Forgot to include the test program that can be used to check for correct
event reporting, and long-chains/loop trimming code.
- Davide
On Tue, 27 Jan 2009 12:54:38 -0800 (PST) Davide Libenzi <[email protected]> wrote:
>
> The follwing patch fixes a bug inside the epoll's f_op->poll() code, that
> returns POLLIN even though there are no actual ready monitored fds.
> The bug shows up if you add an epoll fd inside another fd container (poll,
> select, epoll).
> The problem is that callback-based wake ups used by epoll, does not carry
> (patches will follow, to fix this) any information about the events
> that actually happened. So the callback code, since it can't call the file*
> ->poll() inside the callback, chains the file* into a ready-list. So, suppose
> you added an fd with EPOLLOUT only, and some data shows up on the fd, the
> file* mapped by the fd will be added into the ready-list (via wakeup
> callback).
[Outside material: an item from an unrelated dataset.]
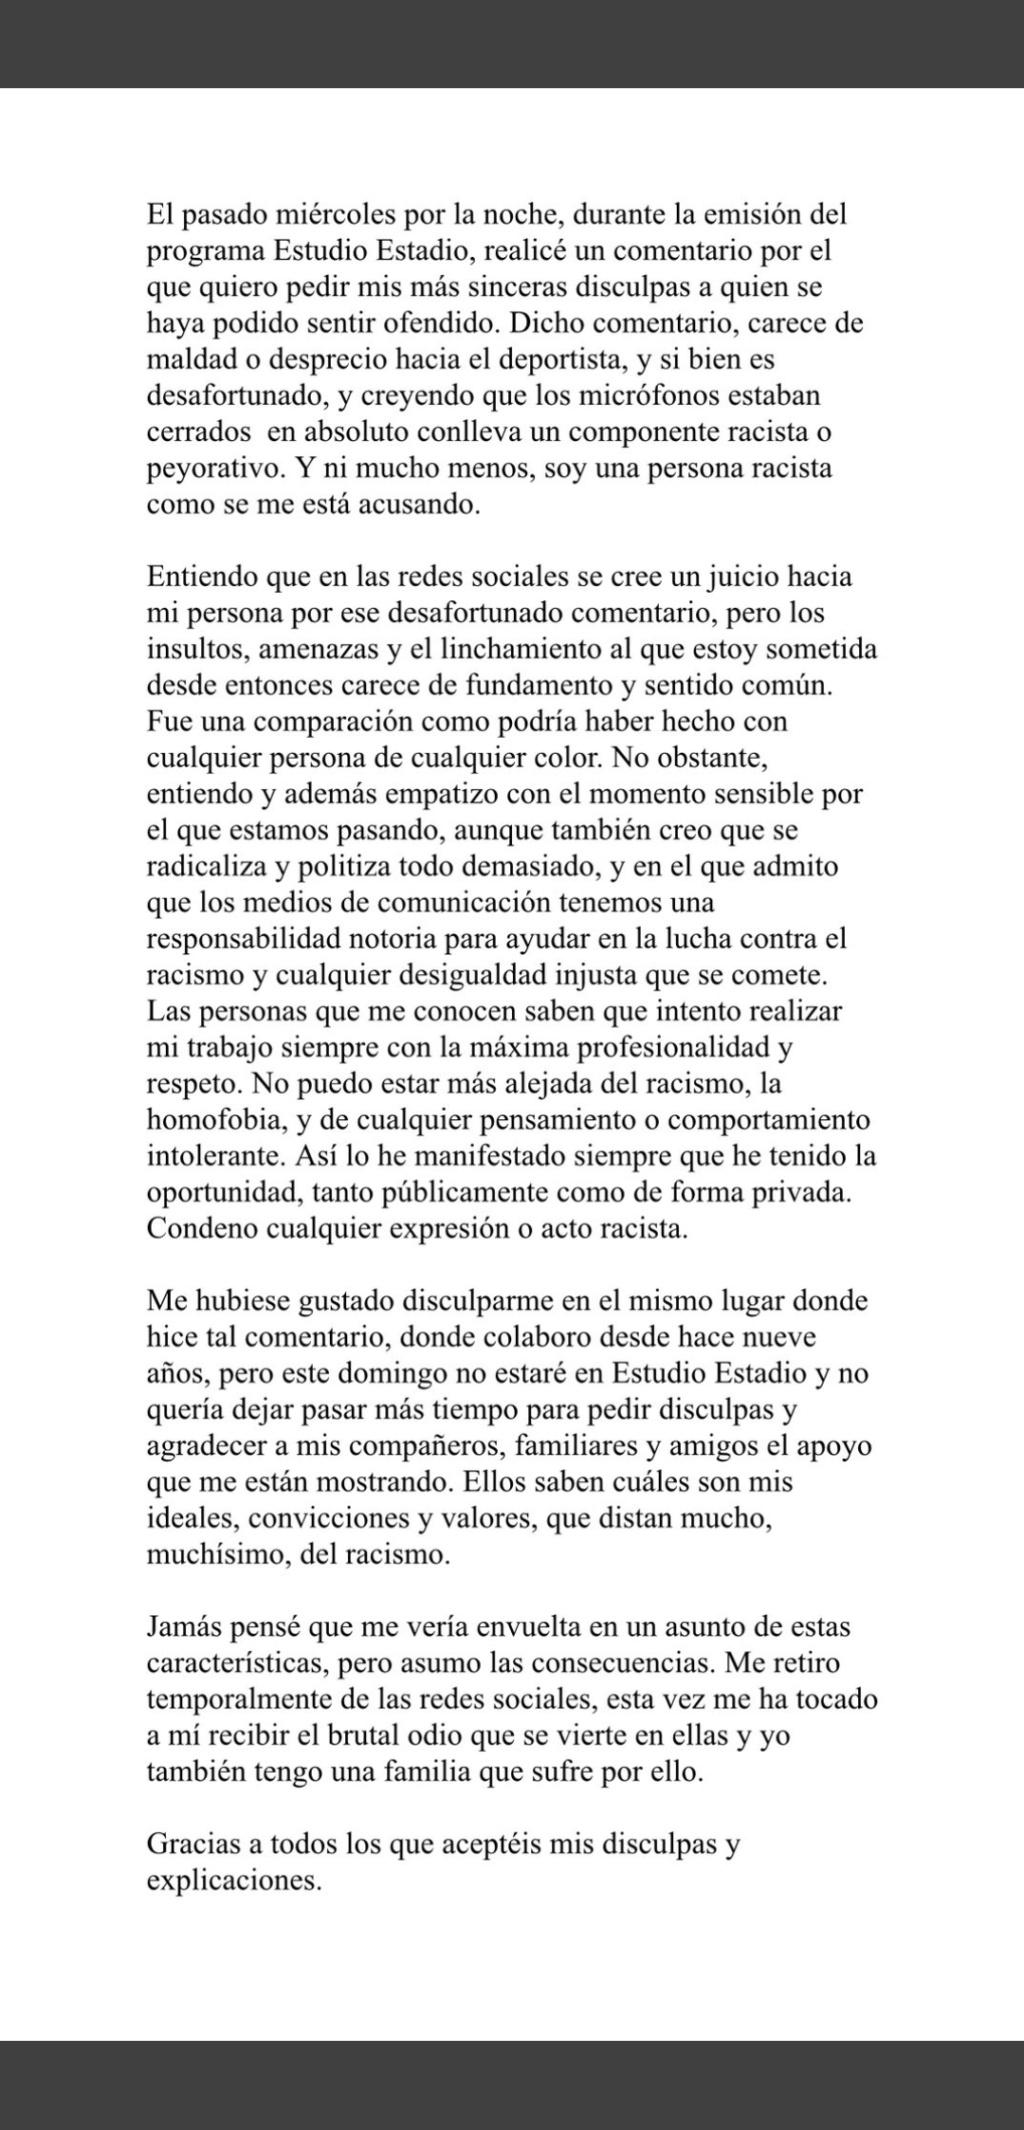 ¿Creeis que hay racismo en España?  - Página 5 Scree104

During normal epoll_wait() use, this condition is sorted out
> at the time we're actually able to call the file*'s f_op->poll().
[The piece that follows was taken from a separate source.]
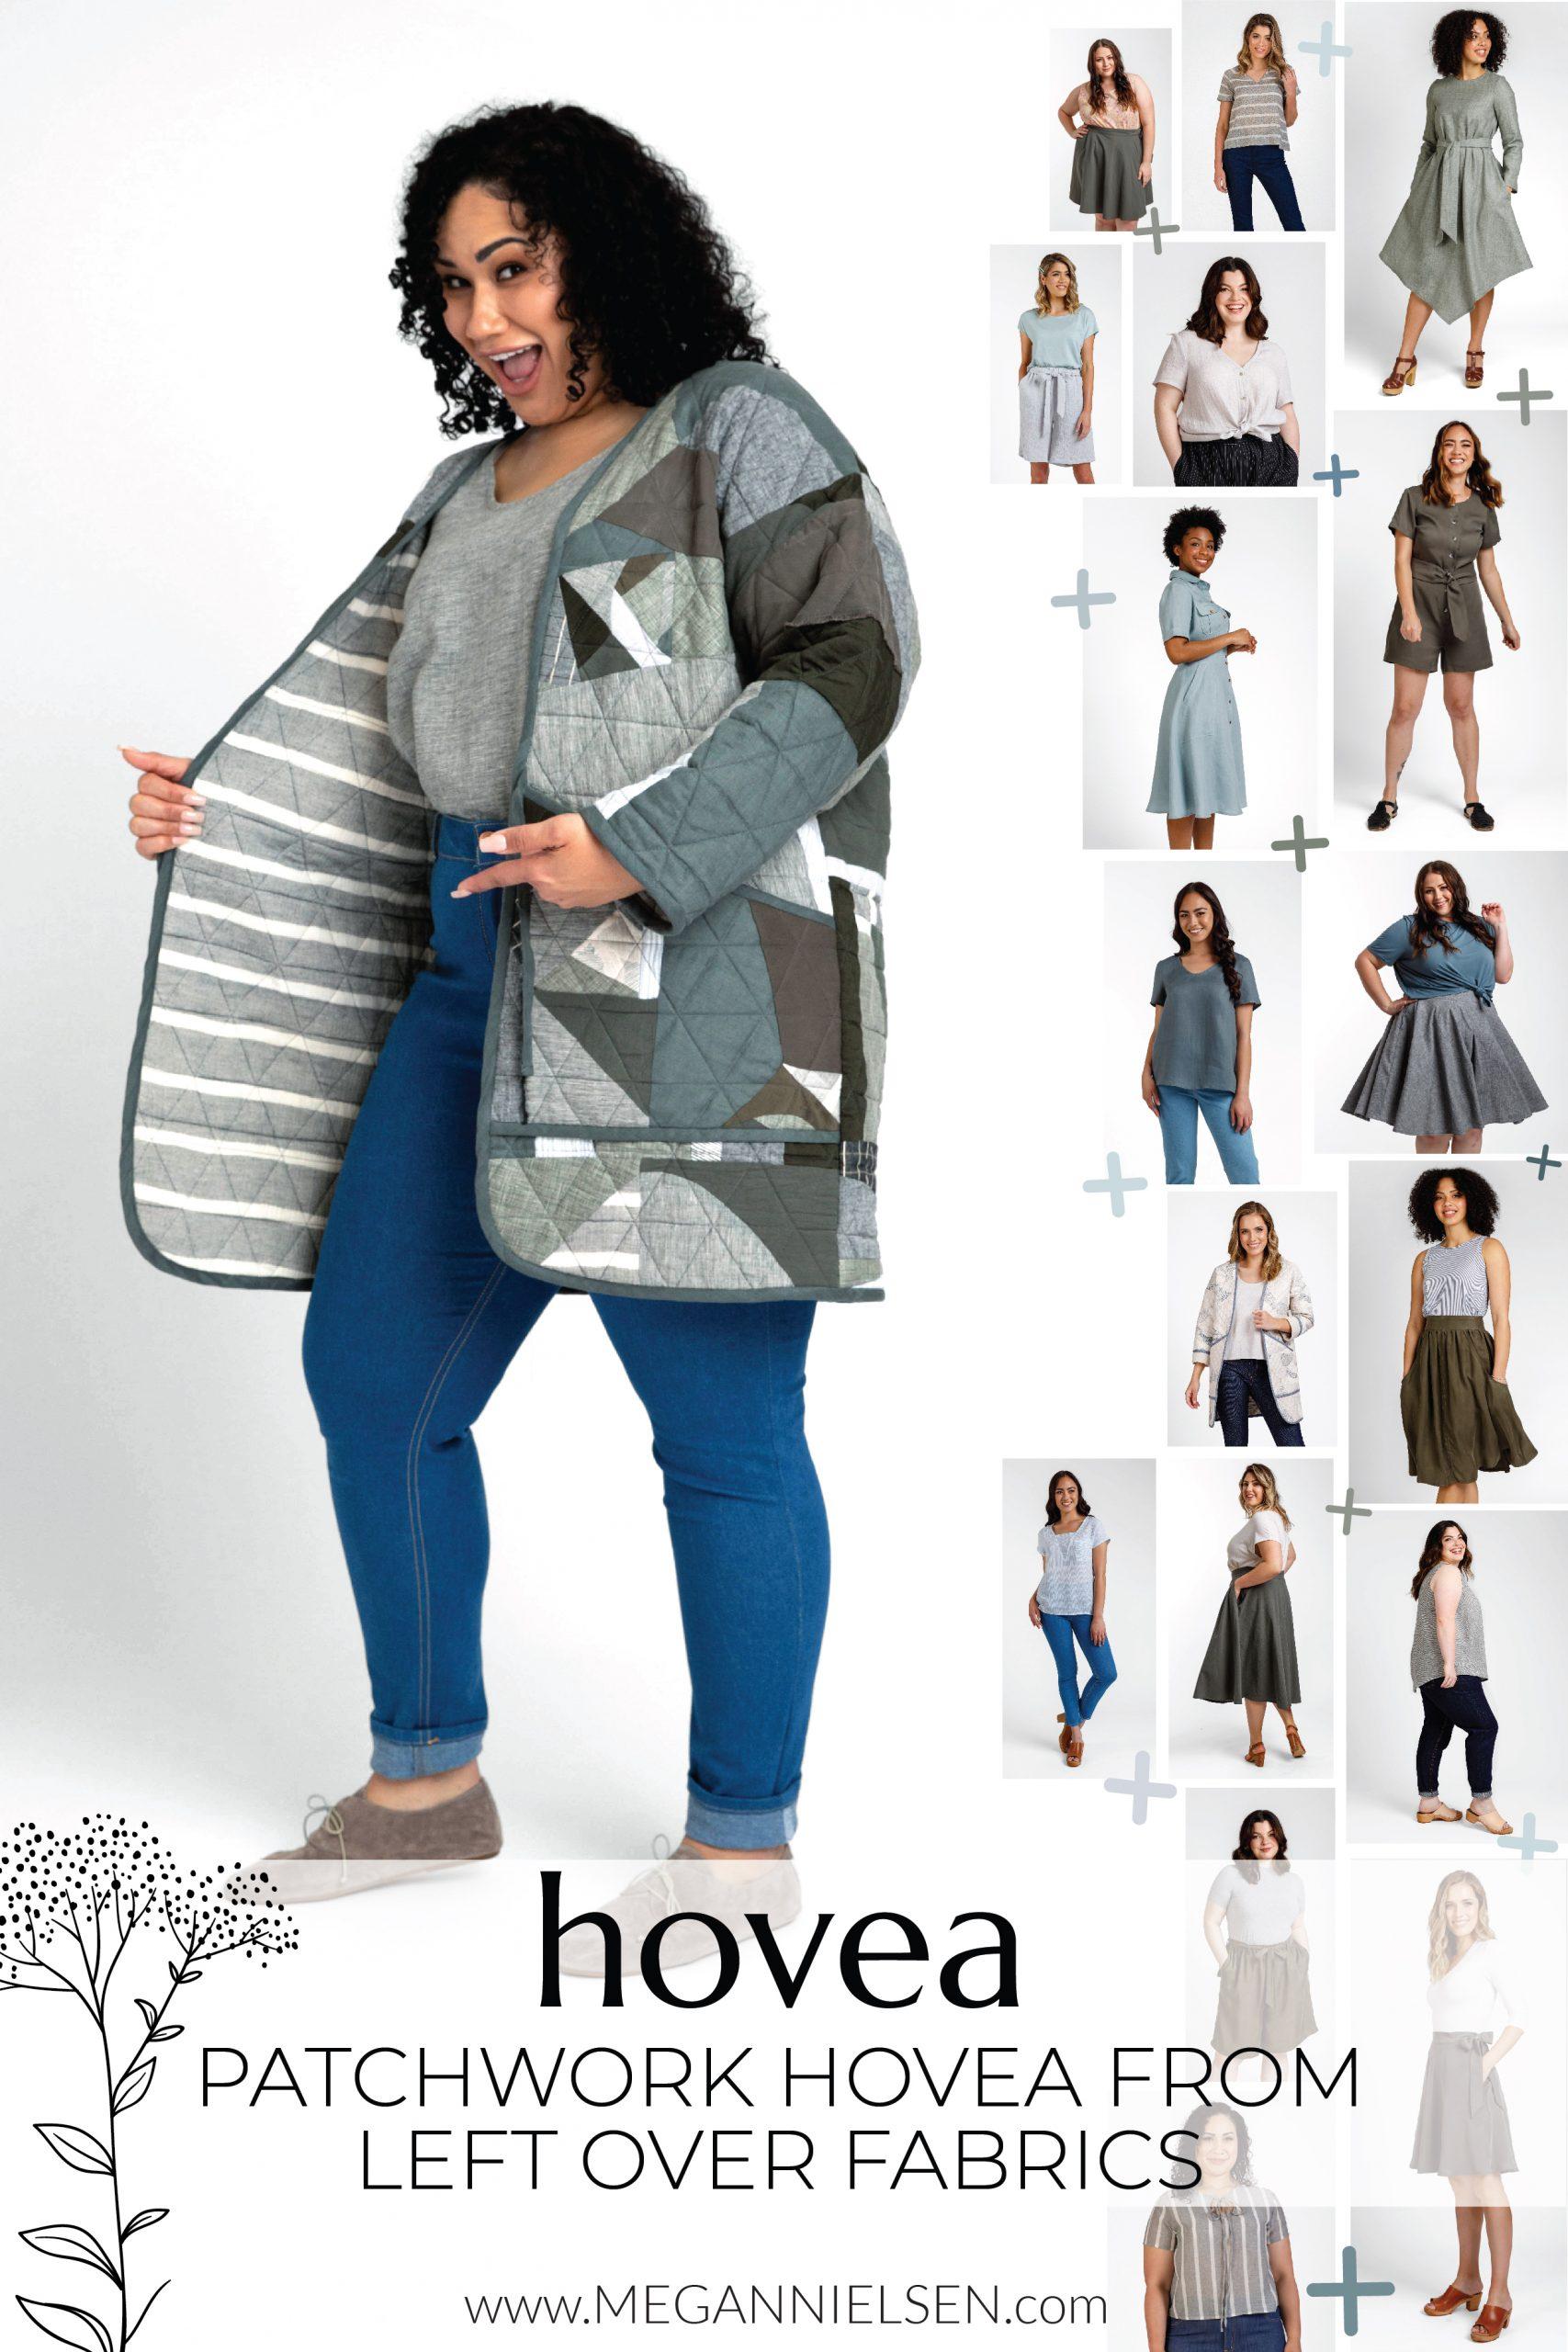 Megan Nielsen Patterns | Patchwork Hovea From Leftover Fabrics

> Inside the old epoll's f_op->poll() though, only a quick check
> !list_empty(ready-list) was performed, and this could have led to reporting
> POLLIN even though no ready fds would show up at a following epoll_wait().
> In order to correctly report the ready status for an epoll fd, the ready-list
> must be checked to see if any really available fd+event would be ready in
> a following epoll_wait().
> Operation (calling f_op->poll() from inside f_op->poll()) that, like wake ups,
> must be handled with care because of the fact that epoll fds can be added
> to other epoll fds.
One reason why I break up paragraphs like this one when cleaning up
changelogs is so that I can actually read them :(
> fs/eventpoll.c | 510 +++++++++++++++++++++++++++++++++------------------------
> 1 file changed, 304 insertions(+), 206 deletions(-)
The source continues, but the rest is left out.